The sdmpredictors package (Bosch and Fernandez, 2023) provides several key functions to simplify access and use of the Bio-ORACLE data layers:

Listing Available Layers: The package includes a function to list all the available data layers in the Bio-ORACLE dataset, making it easy to browse and select the variables you need for your analysis.
Extracting Data: With just a few lines of code, you can extract the specific data layers you want to use, subsetting by geographic region or resolution as needed.
Managing Data: The package handles the conversion and management of the data, ensuring it’s in a format that’s ready to be integrated into your bioclimatic modeling pipelines.

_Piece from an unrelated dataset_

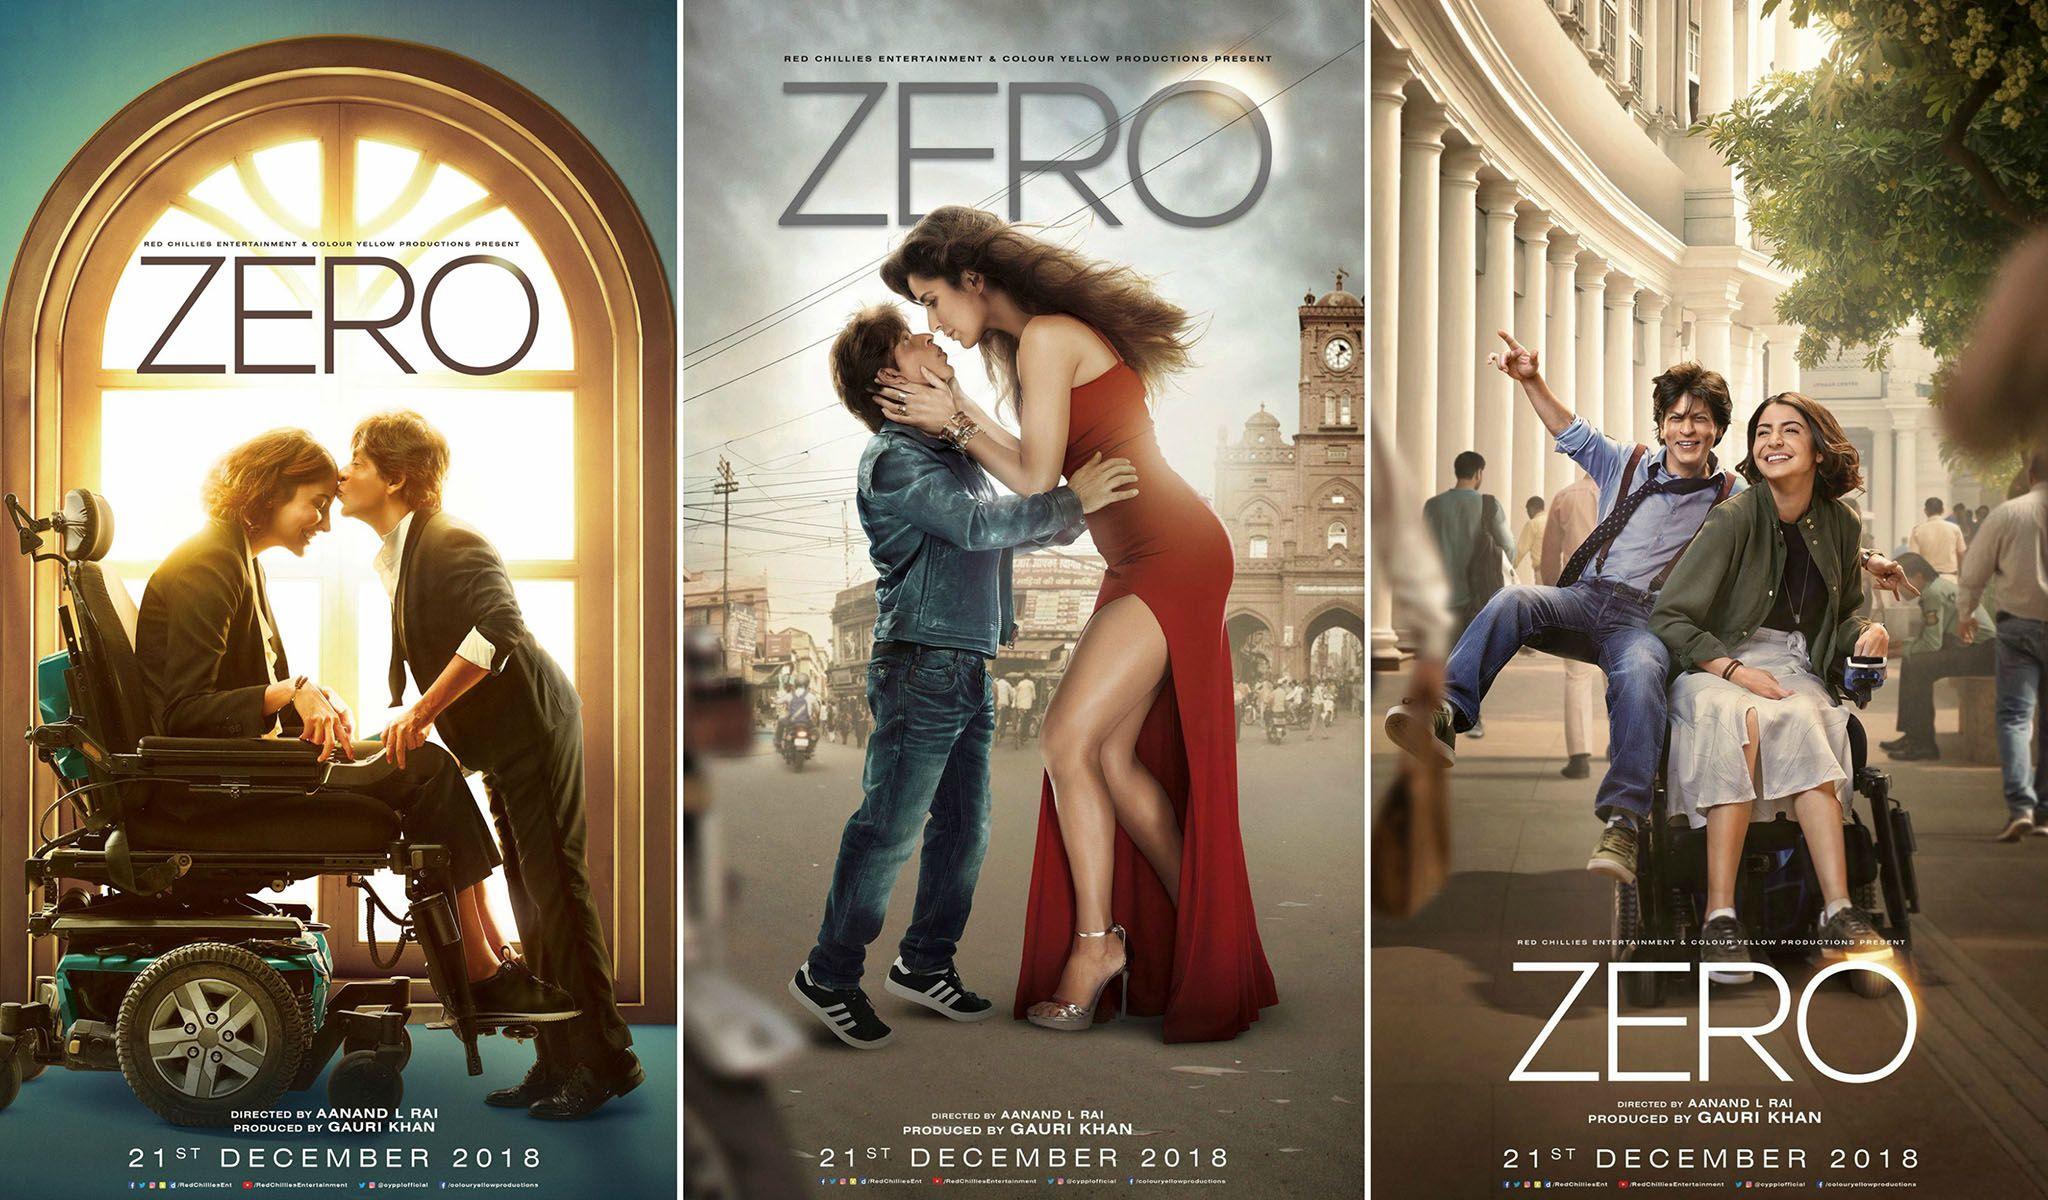 SRK Zero Movie Wallpaper For Mobile. Movie wallpaper, Mobile wallpaper, Movies

Integration with Modeling Workflows: sdmpredictors seamlessly integrates with popular species distribution modeling packages like dismo and MaxEnt (Hijmans et al., 2023), simplifying the process of incorporating the Bio-ORACLE data into your modeling workflows.

Let’s begin by loading packages that we are going to use in this session as highlighted in the chunk below;

library(sdmpredictors)
library(terra)
require(tidyterra)
library(tidyverse)

List available Bio-ORACLE layers

With the list_datasets function, you can view all the available datasets. If you only want terrestrial datasets then you have to set the marine parameter to FALSE and vice versa.

# list_bioOracle_layers()
datasets = sdmpredictors::list_datasets(terrestrial = FALSE, marine = TRUE)
datasets

By default, all datasets are returned. If marine, freshwater, and terrestrial are all set to FALSE, only datasets without land or sea masks are included.

List layers

Using the list_layers function we can view all layer information based on datasets, terrestrial (TRUE/FALSE), marine (TRUE/FALSE) and/or whether it should be monthly data.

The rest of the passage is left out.